A small branch of department store David Jones was located in the hotel, which provided goods for visitors, hampers for sending to Great Britain and Australiana souvenirs.

The hotel also contained a number of very fine paintings of Australian scenes including eight watercolours by Gladstone Eyre.

==Standards==
The hotel boasted international standards of comfort and service. The Australia became "the place to stay and be seen by the upper echelons of society". The hotel remained an oasis for those who scorned modernity and sought the more refined atmosphere of the classic European hotels. Apart from the accommodation for guests, rooms were also provided in the Rowe Street wing for their servants, including the children's nurses, who had their own dining room with their charges. Robert Helpmann had a suite permanently reserved; Marlene Dietrich stayed there several times (thereafter her suite, rooms 707–708, was named after her) and one lady lived there for 31 years.

==Notable events==

A patron stands on the marble steps of the doomed Australia Hotel. The closure notice is pasted on a column.

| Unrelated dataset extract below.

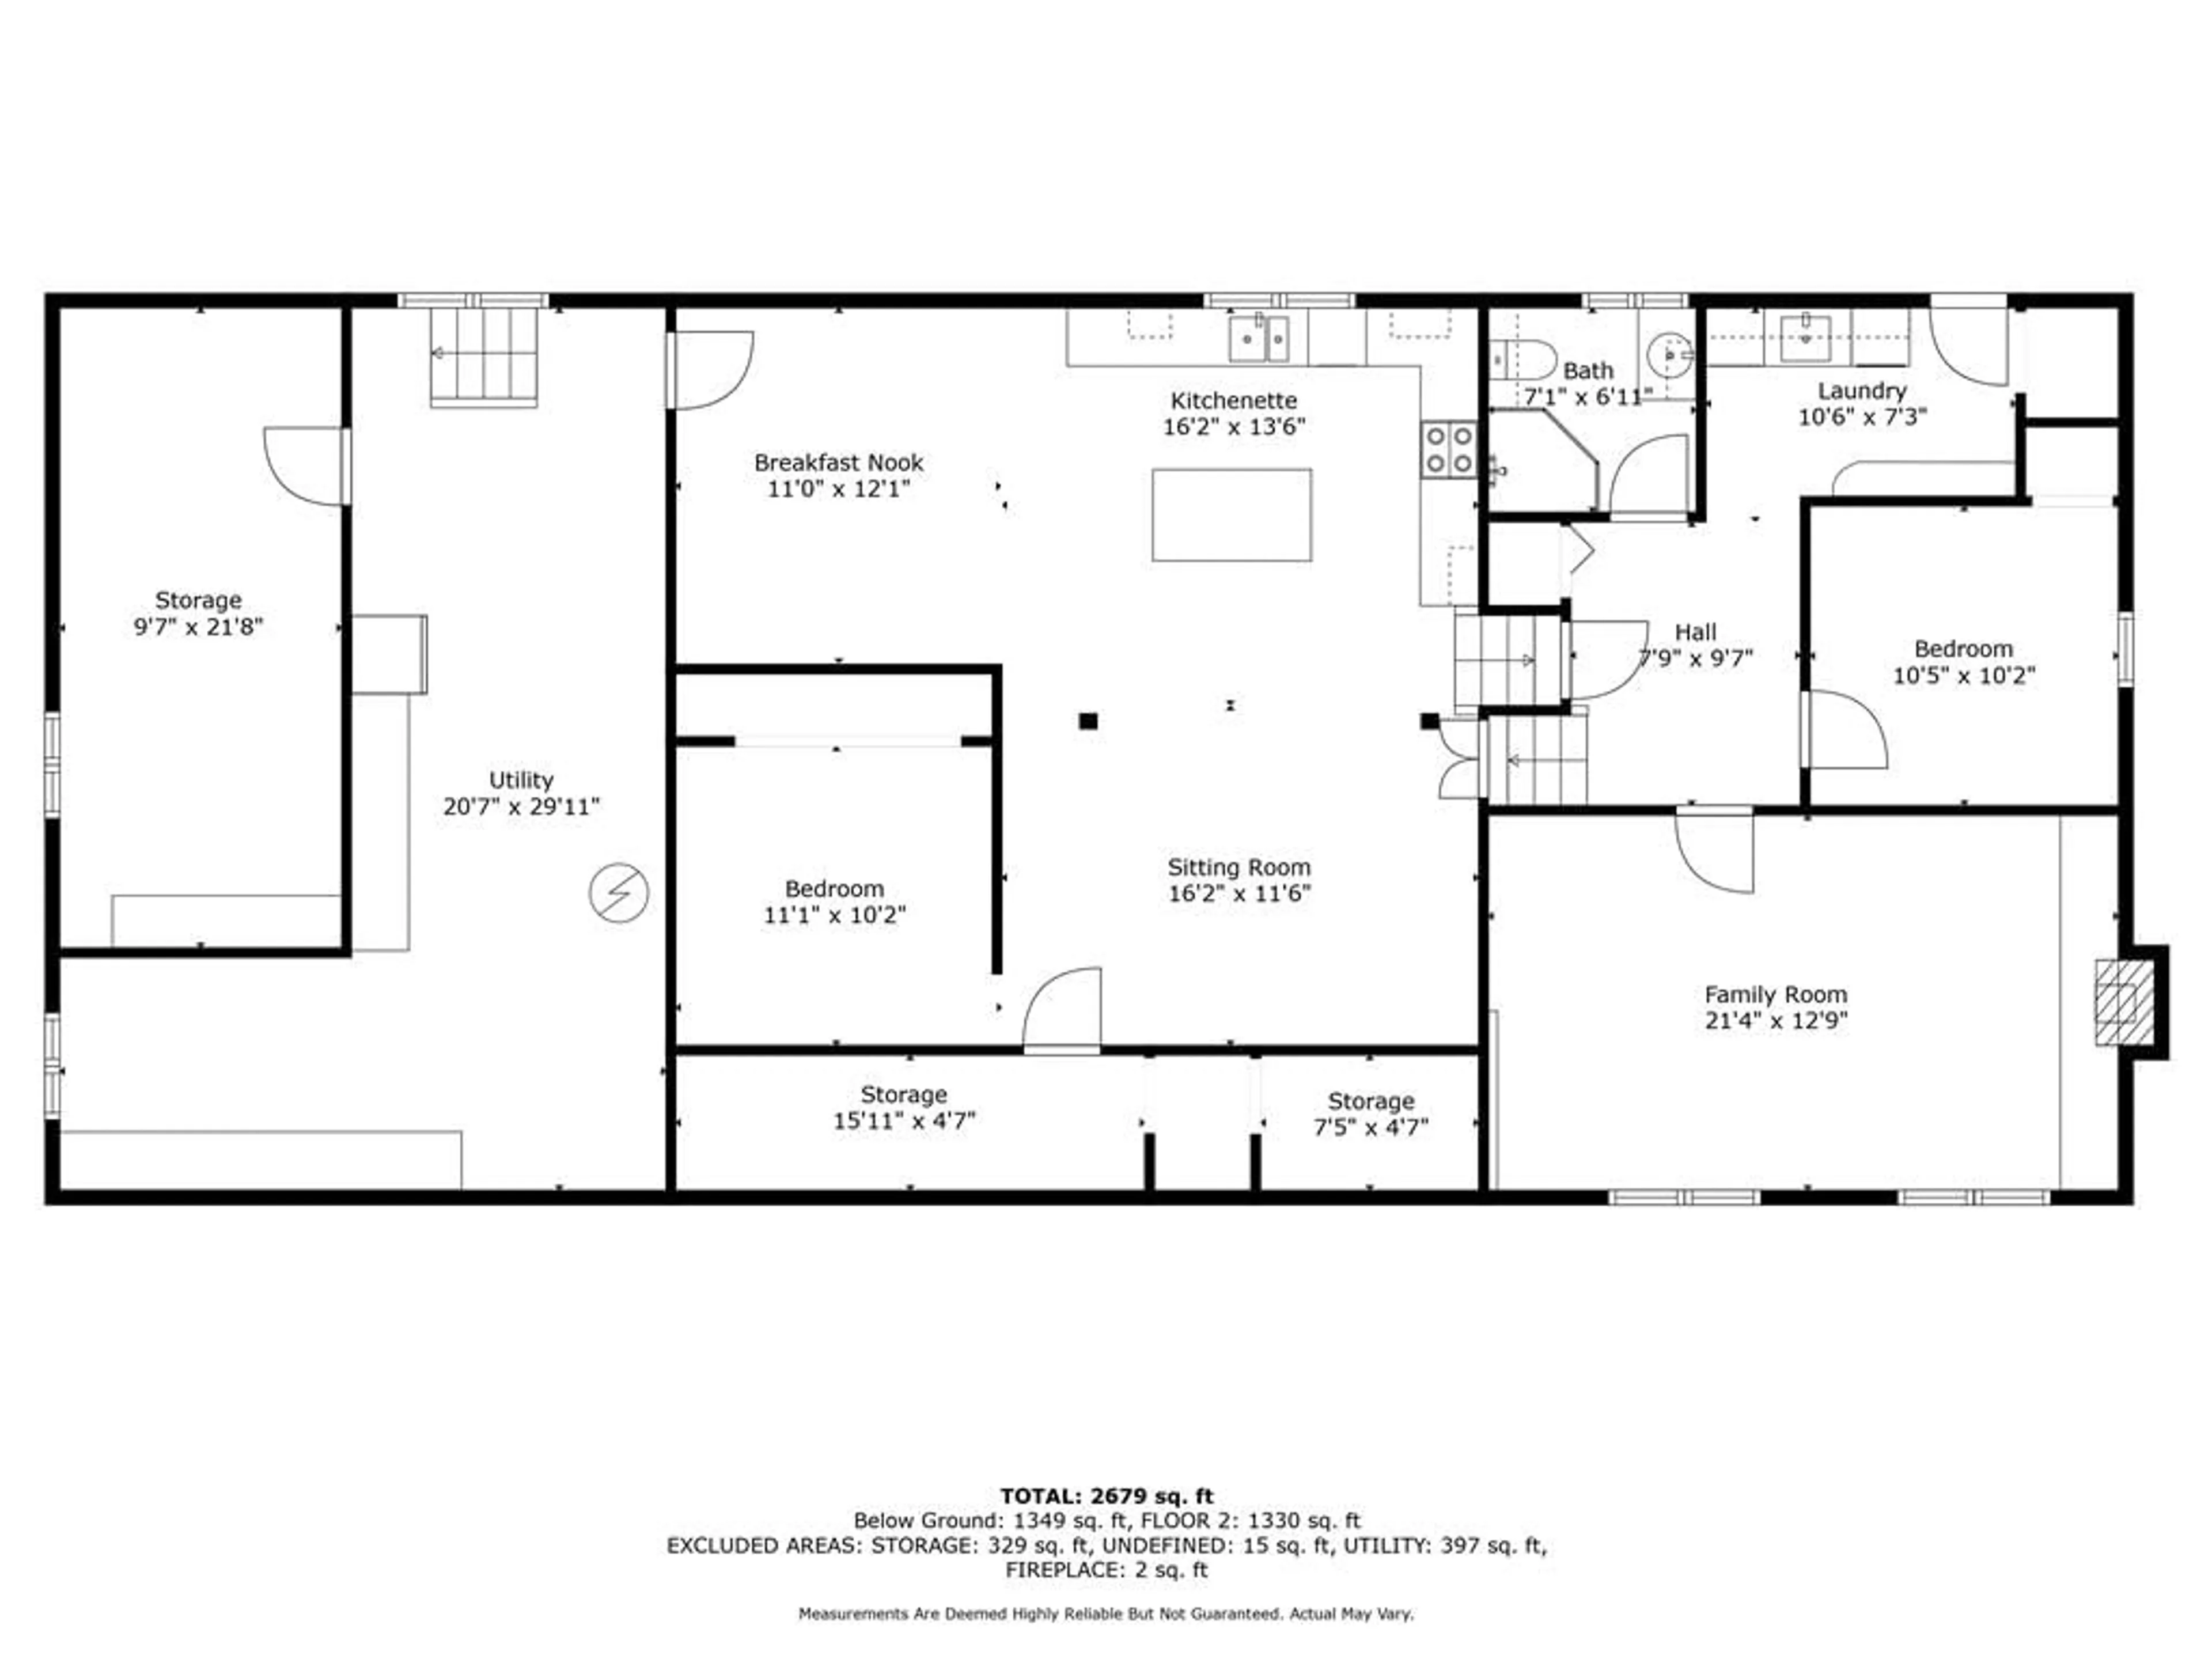 Floor plan for 541 Garner Rd, Ancaster Ontario L9G 3K9

The hotel hosted many famous events.

- On Monday, 28 January 1901, the hotel saw the literary Bohemian society of Sydney gather for the send-off of Scottish-Australian poet and bush balladeer Will H. Ogilvie (1869–1963). Those present included painter Julian Ashton, writer Barbara Baynton, poet Christopher Brennan, poet Victor Daley, writer Albert Dorrington, playwright Alice Eyton, sculptor Nelson Illingworth, artist Fred Leist, poet Louise Mack (Mrs Creed), singer Eva Mylott, poet Banjo Paterson, poet and member of parliament Patrick Quinn, his brother and poet Roderic Quinn, artist Tom Roberts, activist Rose Scott, artist David Souter, journalist and suffragist Agnes Storrie, and writer and critic Alfred Stephens.
- The hotel was the venue for the first meeting for the establishment of the Wireless Institute of Australia in March 1910.
- Later in 1910 AWA obtained a licence from the Postmaster-General's Department to run telegraphy tests, from the hotel's 6th floor, with ships at sea, on 27 August. It was subsequently permitted to handle commercial traffic in 1911 – the first in Australia.
- 5 December 1915 a fire broke out at 11.30 am in the north-east corner of the roof and quickly spread, eventually gutting the upper three floors, but without loss of life.
- In April 1919 the famous entertainer Sir Harry Lauder was staying at The Australia and giving a luncheon party when he was formally notified that he was to be knighted upon his return to Britain.
- In January 1941 Cabinet Ministers gave a dinner at The Australia for Robert Menzies who was about to leave for Great Britain.
- In April 1949 the hotel had the historic importance of being the venue of the first successful television demonstration in Australia, when the State Governor, Lieutenant-General John Northcott was televised in the hotel's ballroom as he opened the demonstration.

==Closure, demolition, heritage==
The hotel was put to auction on 25 February 1970 by Richard Stanton and Sons and was purchased by MLC who, amid mounting concerns, announced their intention of refurbishing and maintaining the hotel, one of the city's landmarks. However they later announced the hotel's impending closure, and The Australia closed on 30 June 1971. The building was demolished in almost record time in 1971 and 1972, to erect a modern $200 million, 68-storey office block/skyscraper in its place; the MLC Centre by architect Harry Seidler.

The Royal Australian Historical Society who fix their famous Green Plaques to historic buildings and sites, placed their 39th plaque on the MLC Centre in memory of the Australia Hotel.